Question

Four point masses lie at the corners of a rectangle of side 3m and 4m as shown in the figure. Take M kg. The diagonal joining 4M and 2M axis 1. The other diagonal in axis 2, then:

a). Moment of inertia of the system about axis 1 is 23kg meter square
b). Moment of inertia of the system about axis 1 is 26kg meter square
c). Moment of inertia of the system about axis 2 is 44kg meter square
d). Moment of inertia of the system about axis 2 is 34kg meter square

Answer 1

Hint: In this question, we will directly use the formula of Pythagoras theorem, which gives the relation between hypotenuse, base, and perpendicular of a right-angle triangle. Further, substituting the given values will help us get the required answer.
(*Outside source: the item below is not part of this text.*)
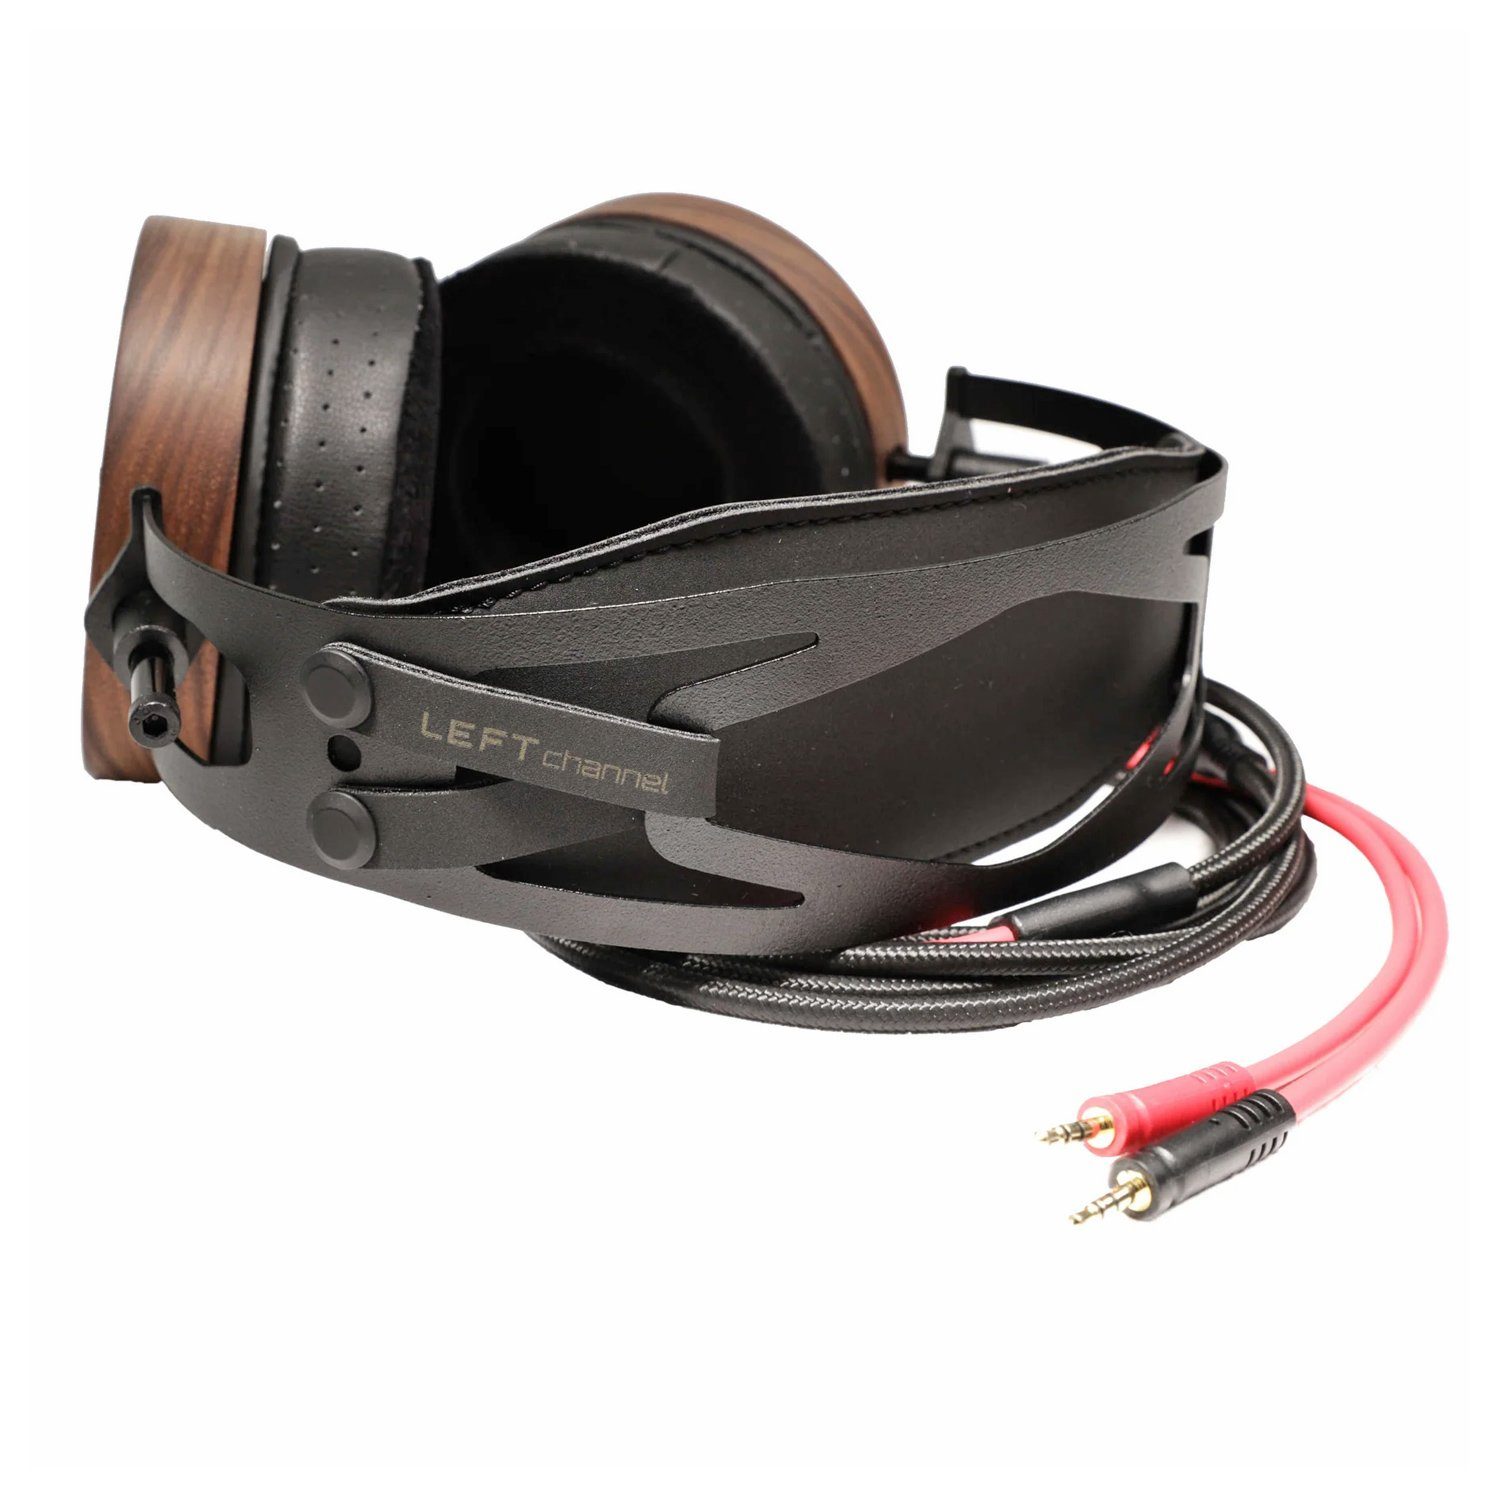 Musik, Studio-Kopfhörer für von Over-Ear-Kopfhörer Tisch-Stativ) S5X Audio Mixing/Mastering (für von OLLO offener Mixing/Mastering mit binauraler Musik, binauraler

Also, we will discuss the inertia and the law of inertia for our better understanding.
Formula used:
 ${p^2} + {b^2} = {h^2}$

Complete step by step solution:
Here, by using the Pythagoras theorem, we get:

${x^2} + {y^2} = 9$
$ \Rightarrow {y^2} = 9 - {x^2}.........(1)$
Also, by applying Pythagoras theorem, we have:
$${(5 - x)^2} + {y^2} = 16$$
Now, putting the value of y in above equation and further solving, we get:
$${(5 - x)^2} + (9 - {x^2}) = 16$$
$ \Rightarrow {x^2} - 10x + 25 + 9 - {x^2} = 16$
$ \Rightarrow x = 1.8$
So, now we can find the value of y, by putting the value of x in equation (1), we get:
${y^2} = 9 - {(1.8)^2}$
$ \Rightarrow y = 2.4$
Now, as we know the moment of inertia I the ability of an object or body to continue to be in its state of motion. Here, we calculate moment of inertia for axis 1:
$\sum {M_r^2} = M \times {\left( {2.4} \right)^2} + 3M \times {\left( {2.4} \right)^2}$
$ \Rightarrow \sum {M_r^2} = 4 \times {\left( {2.4} \right)^2}$
$ \Rightarrow \sum {M_r^2} = 23.04 \approx 23kg{m^2}$
Similarly, we will find moment of inertia for axis 2:
$\sum {M_r^2} = 4M \times {\left( {2.4} \right)^2} + 2M \times {\left( {2.4} \right)^2}$
$ \Rightarrow \sum {M_r^2} = 6 \times {\left( {2.4} \right)^2}$
$\therefore \sum {M_r^2} = 34.56kg{m^2}$
Therefore, we get the required answer for the given two axis and the correct options are a) and d) i.e. the moment of inertia of the system about axis 1 is $23kg{m^2}$ and moment of inertia of the system about axis 2 is $34.56kg{m^2}$.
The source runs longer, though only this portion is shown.